The five rules or precepts of Buddhism are the distillation of Buddhist ethics into their elementary form. The precepts are not rules in the sense of external laws or commandments that may trigger consequences for infractions, but rather steps of enlightenment. Through these forms of self-discipline or internal restrictions, a Buddhist can act in karmic ways that determine a better rebirth. None of these precepts is clear cut or absolute; rather they are all to be practiced with wisdom, or “skillfully.”
The first precept to “avoid taking life.” This is a common rule in almost every ethical system on the planet. For Wiccans, it is “harm none.” For Christians and Jews, it is “thou shalt not murder.” For Hindus and Buddhists, it is ahimsa or “non-injury.” For Buddhists, however, “avoid taking life” prohibits more than harming a fellow human being. In its most extreme practice, it means that a Buddhist will not kill any living creature, not even poisonous snakes or cockroaches. Some Buddhists are vegetarian because of this ethic. Many Buddhists, however, view this as primarily a call to stop killing unnecessarily. Killing an animal for consumption may be acceptable to some Buddhists, while hunting for pleasure would not be acceptable to any. This guideline may also extend to working in industries that promote a cavalier or monetary attitude toward life.
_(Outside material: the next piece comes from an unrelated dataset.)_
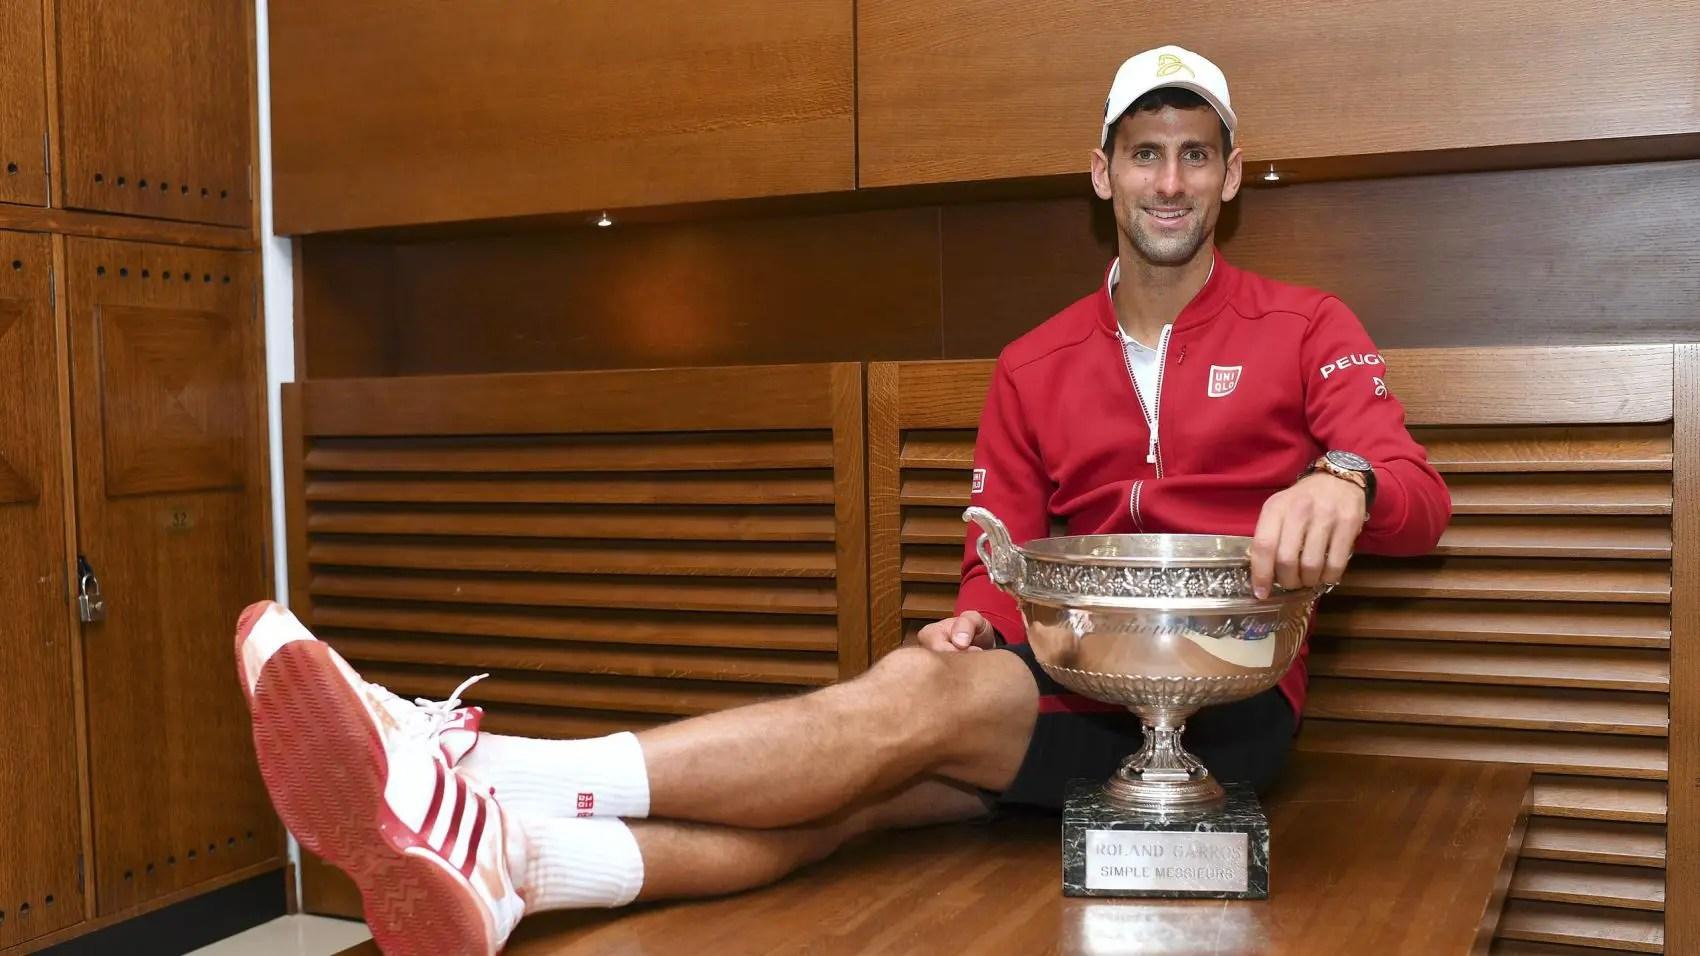 Djokovic Beats Murray To Win First French Open, 12th Slam

The second precept is to “avoid taking things not given.” Like the first precept, the second precept takes the familiar prohibition against stealing one step farther. Buddhists are also forbidden from taking things that they “found” or that were conveniently “abandoned” by a previous owner. This can also be extended to taking things that someone offers out of a sense of grudging obligation, guilt, or compulsion. The question the Buddhist must ask is, what is my sense of desire and how do I approach money and the privileges that money can buy?
The third Buddhist precept is to “avoid sexual misconduct.” The precept clearly forbids causing any harm to another by infidelity or abuse or sexual addictions, but it also extends to a wide variety of sensual pleasures that can distract and mislead someone from clarity and meditation. Rich food or overeating, excessive entertainment, or gross consumerism could fall into this category.
The fourth precept is to “refrain from false speech.” While this is normally interpreted as a prohibition against lying or bearing false witness, false speech can also be interpreted to cover a wider variety of forms of speech. “False speech” could technically include hyperbole and exaggeration as well. While most Buddhists would not see anything unethical in a person declaring that they hadn’t seen their friend “in forever,” they might disapprove of someone telling their friends that their car is nicer than it really is or that their house is larger than it is in reality. This sort of exaggeration is often harmless, but it builds into larger lies if a person keeps trying to cover for the exaggeration.
The fifth Buddhist precept is to “refrain from intoxicating substances.” This can include drugs, tobacco, and alcohol. It is arguably the precept that the average Buddhist is the worst at keeping, and even deeply devout Buddhists sometimes redefine “intoxicating” in order to allow for the use of substances that are culturally significant or socially expected.